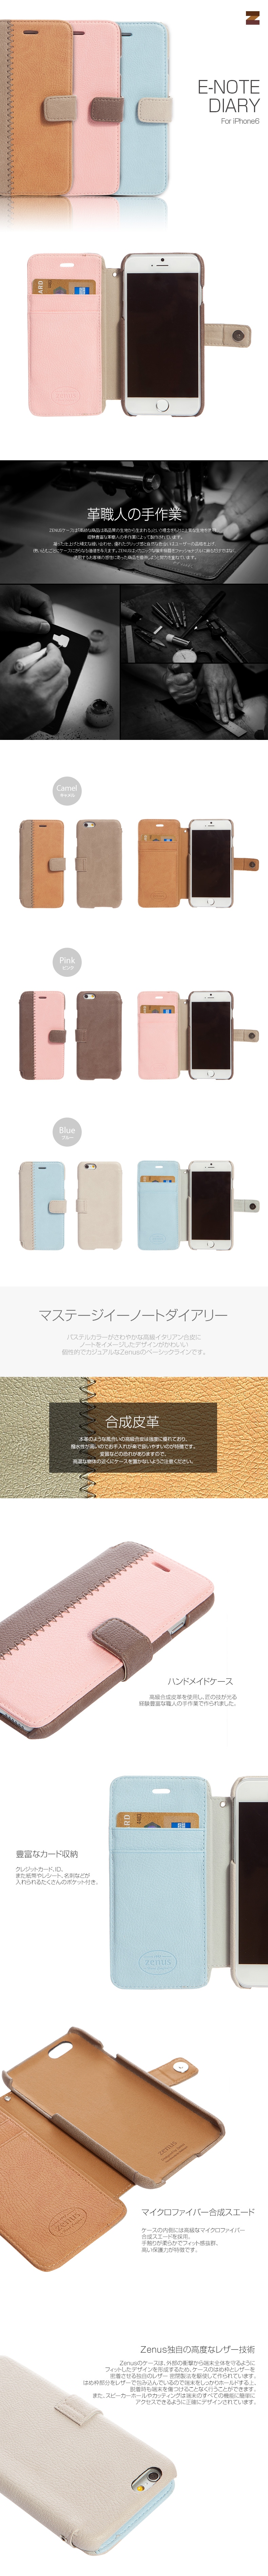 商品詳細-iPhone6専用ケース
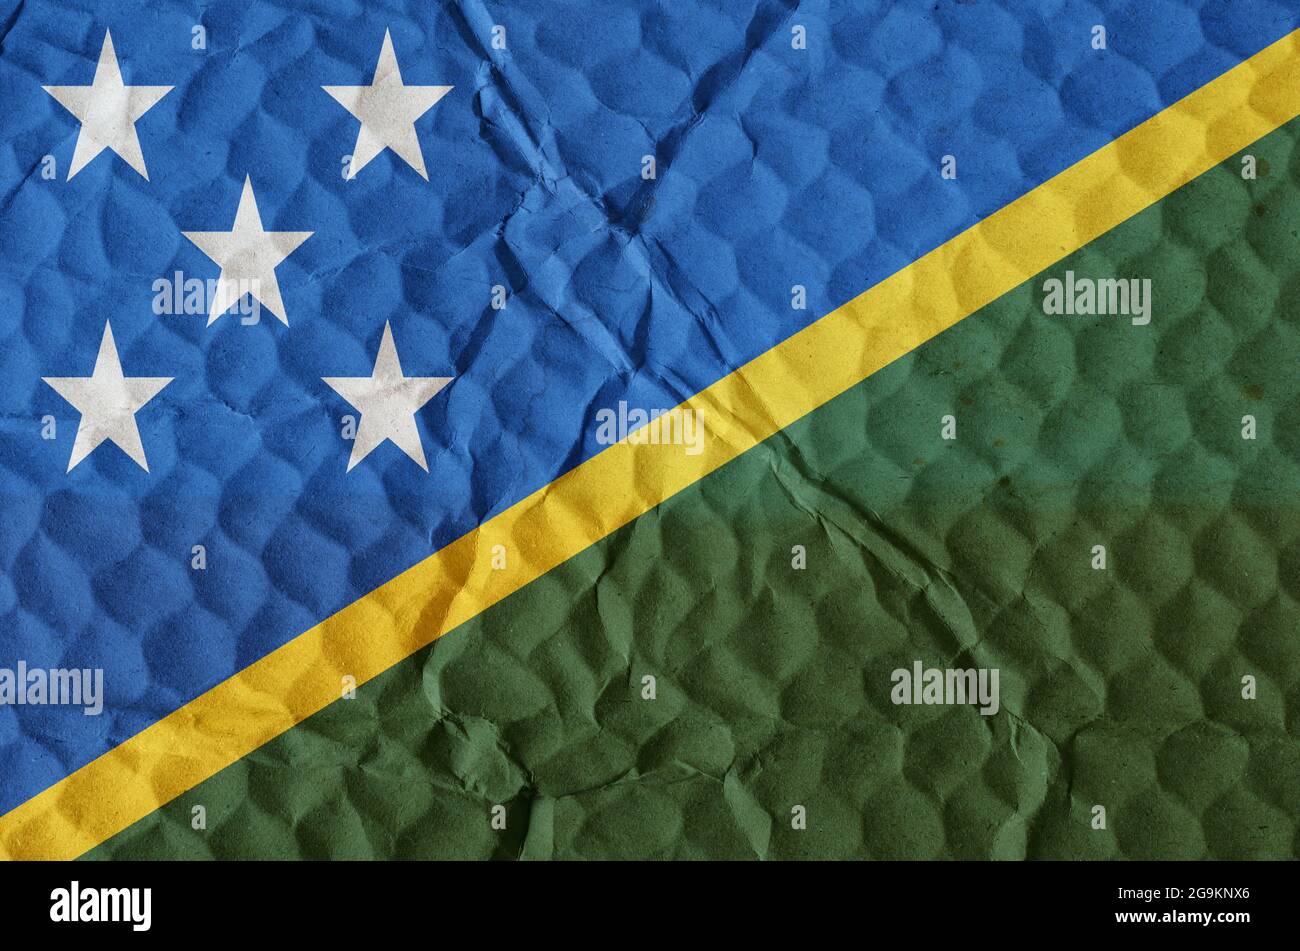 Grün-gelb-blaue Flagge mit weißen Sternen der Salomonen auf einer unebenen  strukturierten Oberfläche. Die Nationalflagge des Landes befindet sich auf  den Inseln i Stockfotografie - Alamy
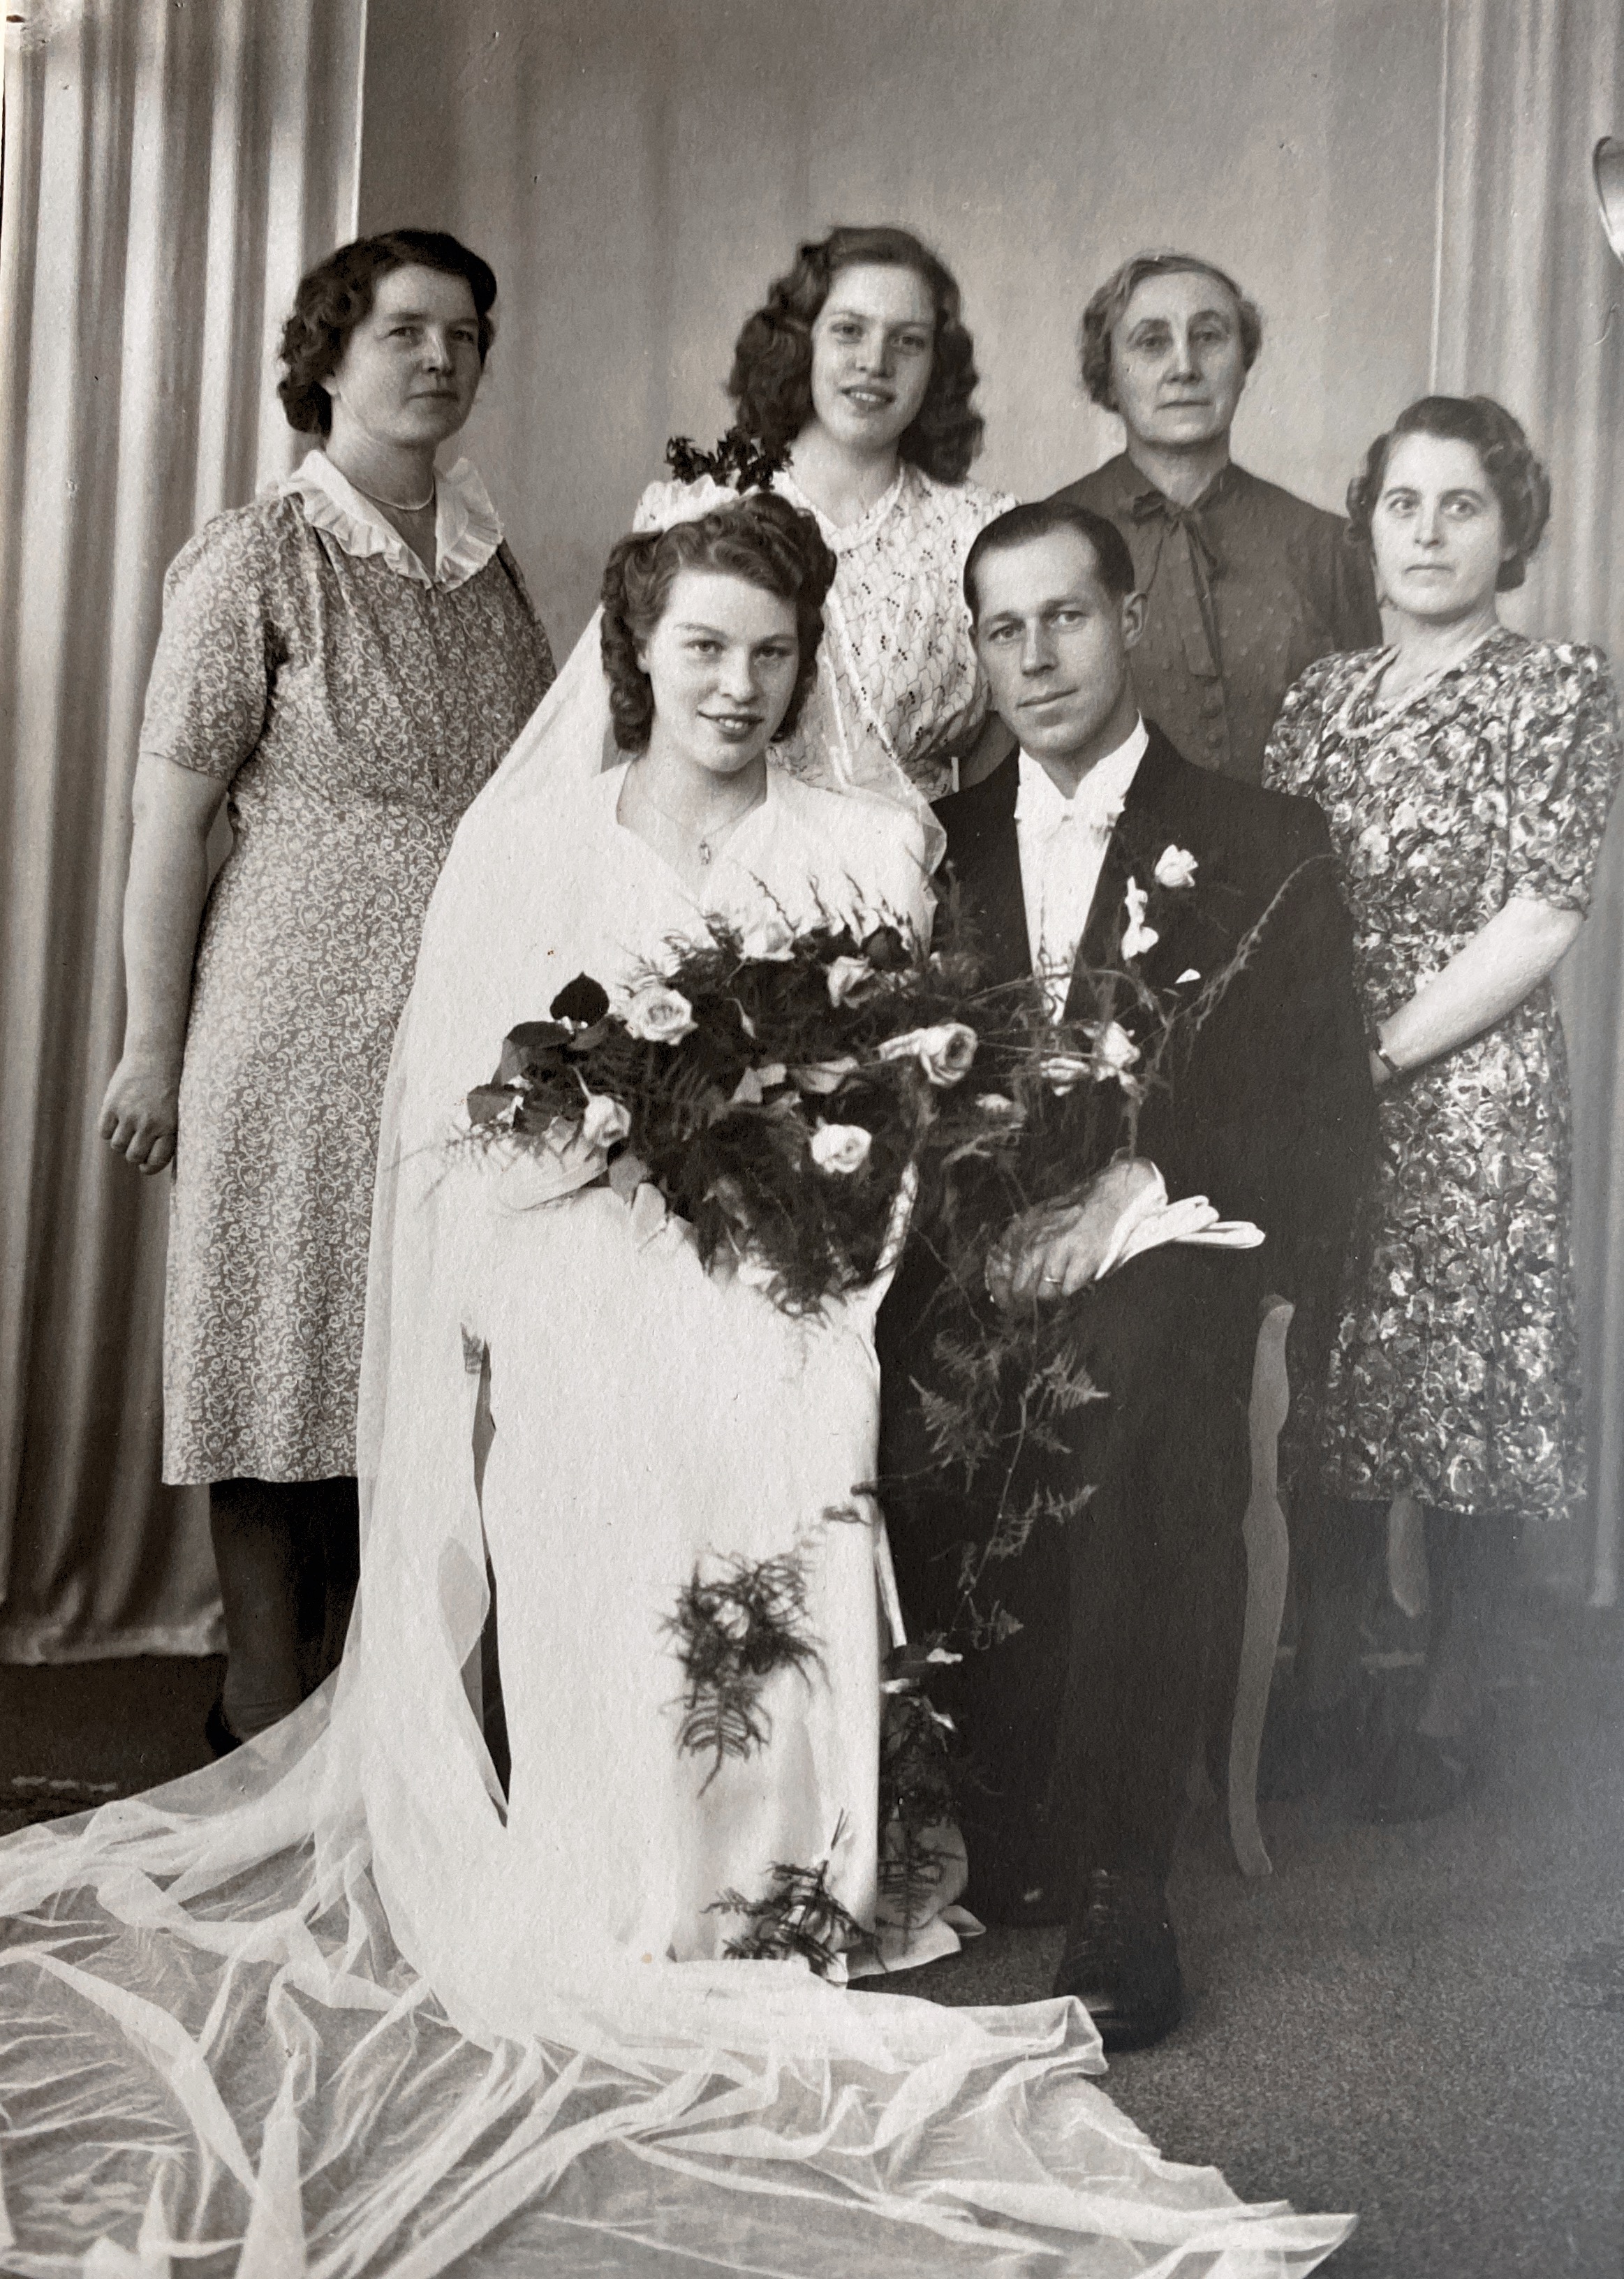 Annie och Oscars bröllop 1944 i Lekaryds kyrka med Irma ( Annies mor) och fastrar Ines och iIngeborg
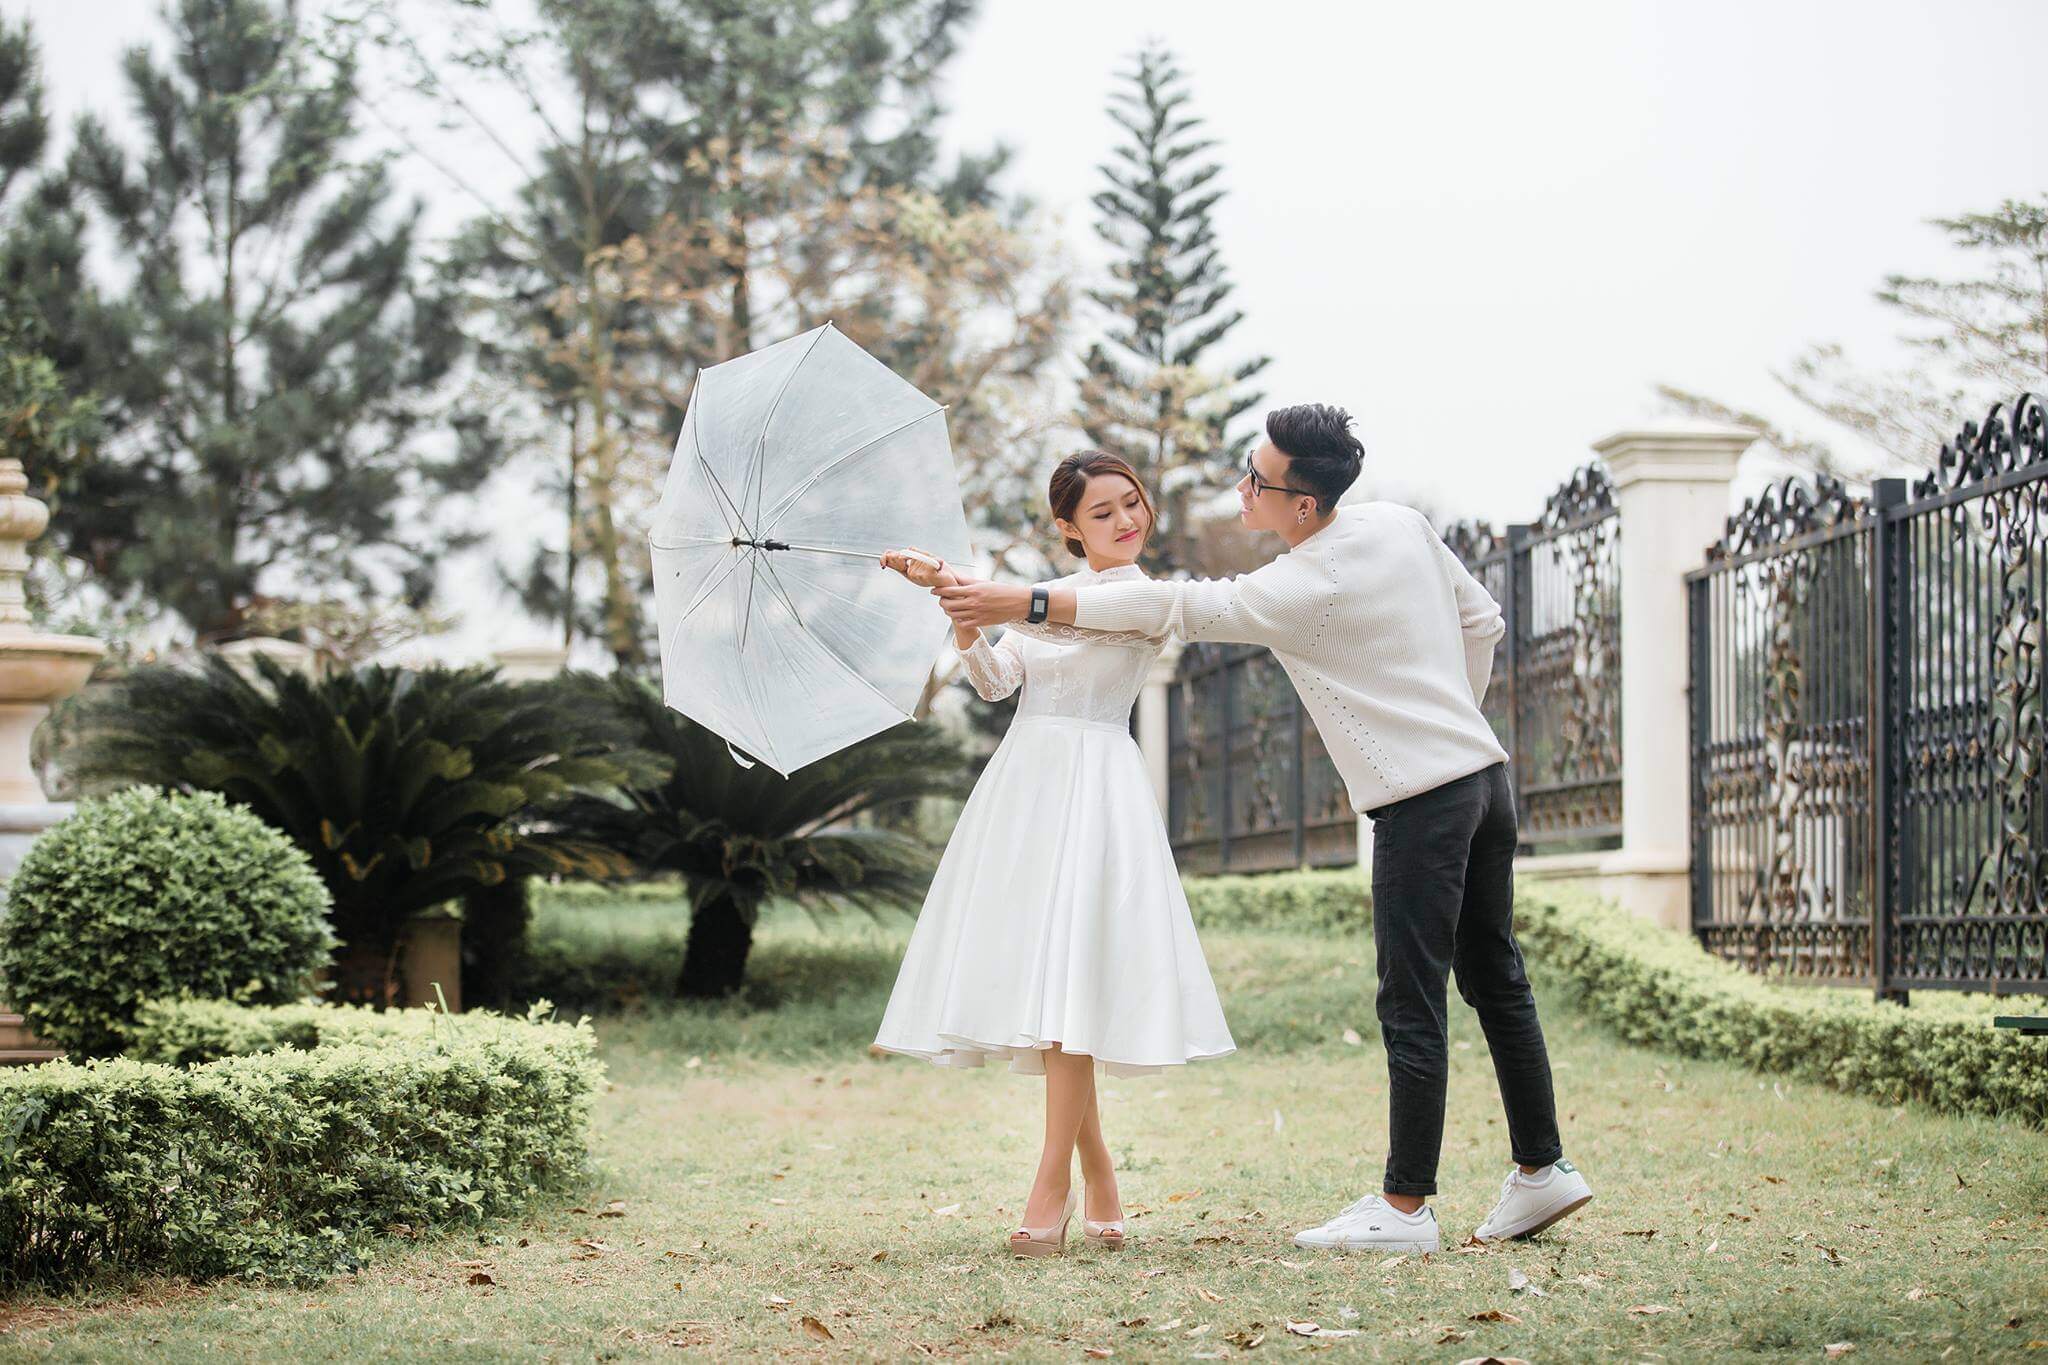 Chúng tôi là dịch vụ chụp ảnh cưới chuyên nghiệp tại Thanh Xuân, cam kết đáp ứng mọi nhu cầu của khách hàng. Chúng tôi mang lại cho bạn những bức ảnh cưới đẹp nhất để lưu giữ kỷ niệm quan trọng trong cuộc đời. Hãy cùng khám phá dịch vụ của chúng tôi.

- _Work request_
Transcribe exactly the line that contains "Annie och Oscars" and each line after it through the end of the listing. Leave out the pictures.

- _Expected output_
 Annie och Oscars bröllop 1944 i Lekaryds kyrka med Irma ( Annies mor) och fastrar Ines och iIngeborg
 Chúng tôi là dịch vụ chụp ảnh cưới chuyên nghiệp tại Thanh Xuân, cam kết đáp ứng mọi nhu cầu của khách hàng. Chúng tôi mang lại cho bạn những bức ảnh cưới đẹp nhất để lưu giữ kỷ niệm quan trọng trong cuộc đời. Hãy cùng khám phá dịch vụ của chúng tôi.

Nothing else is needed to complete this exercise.